**WHAT IS EXPECTED**
Of all the lines below, output only those starting at the one with "493x1774 Descargar Png" and ending at the one with "2011 Topps Marquee", both ends included, exactly as written.

**DATA SUPPLIED**
--
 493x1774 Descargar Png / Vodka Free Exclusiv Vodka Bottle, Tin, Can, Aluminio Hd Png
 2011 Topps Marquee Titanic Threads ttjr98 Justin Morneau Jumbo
--
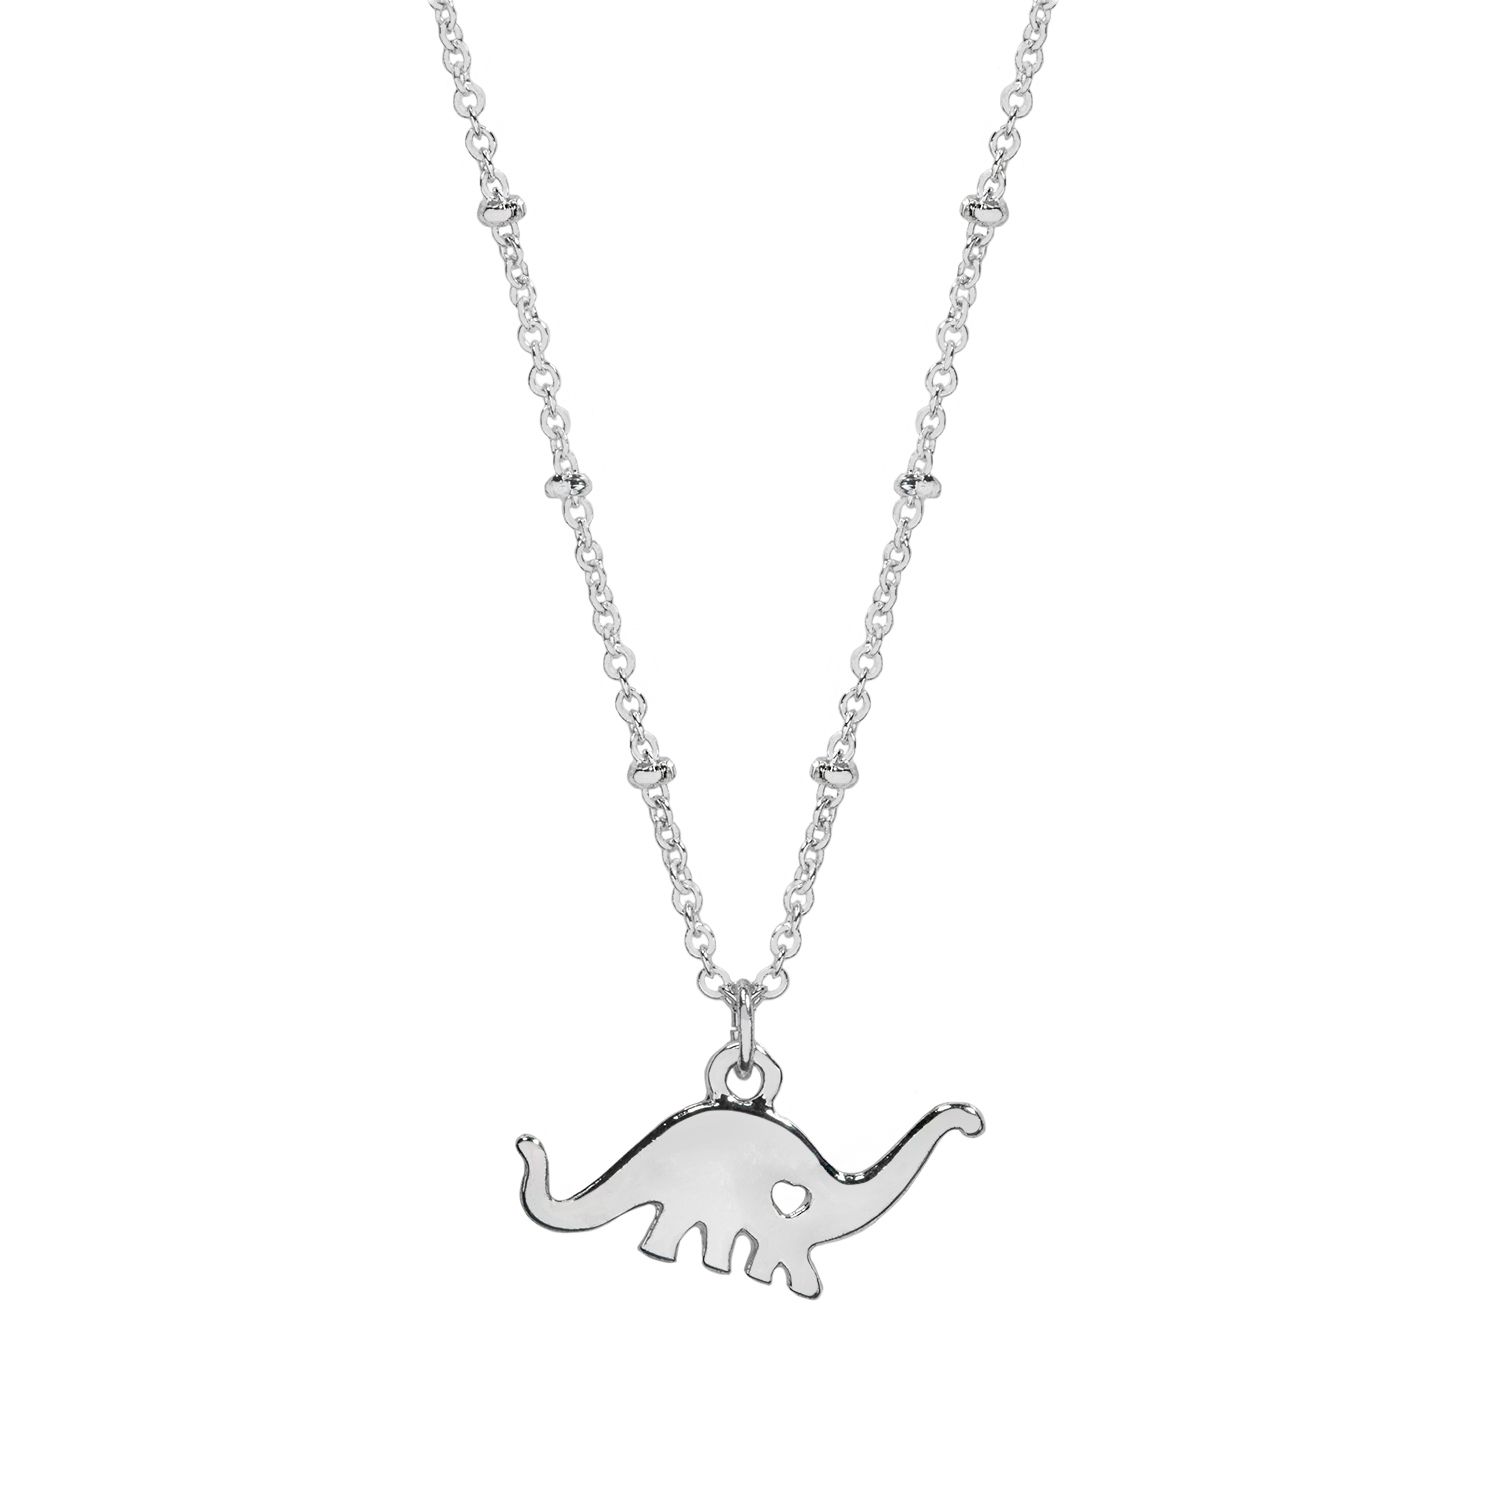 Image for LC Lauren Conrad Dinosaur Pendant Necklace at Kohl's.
--
**TASK SOLUTION**
 493x1774 Descargar Png / Vodka Free Exclusiv Vodka Bottle, Tin, Can, Aluminio Hd Png
 2011 Topps Marquee Titanic Threads ttjr98 Justin Morneau Jumbo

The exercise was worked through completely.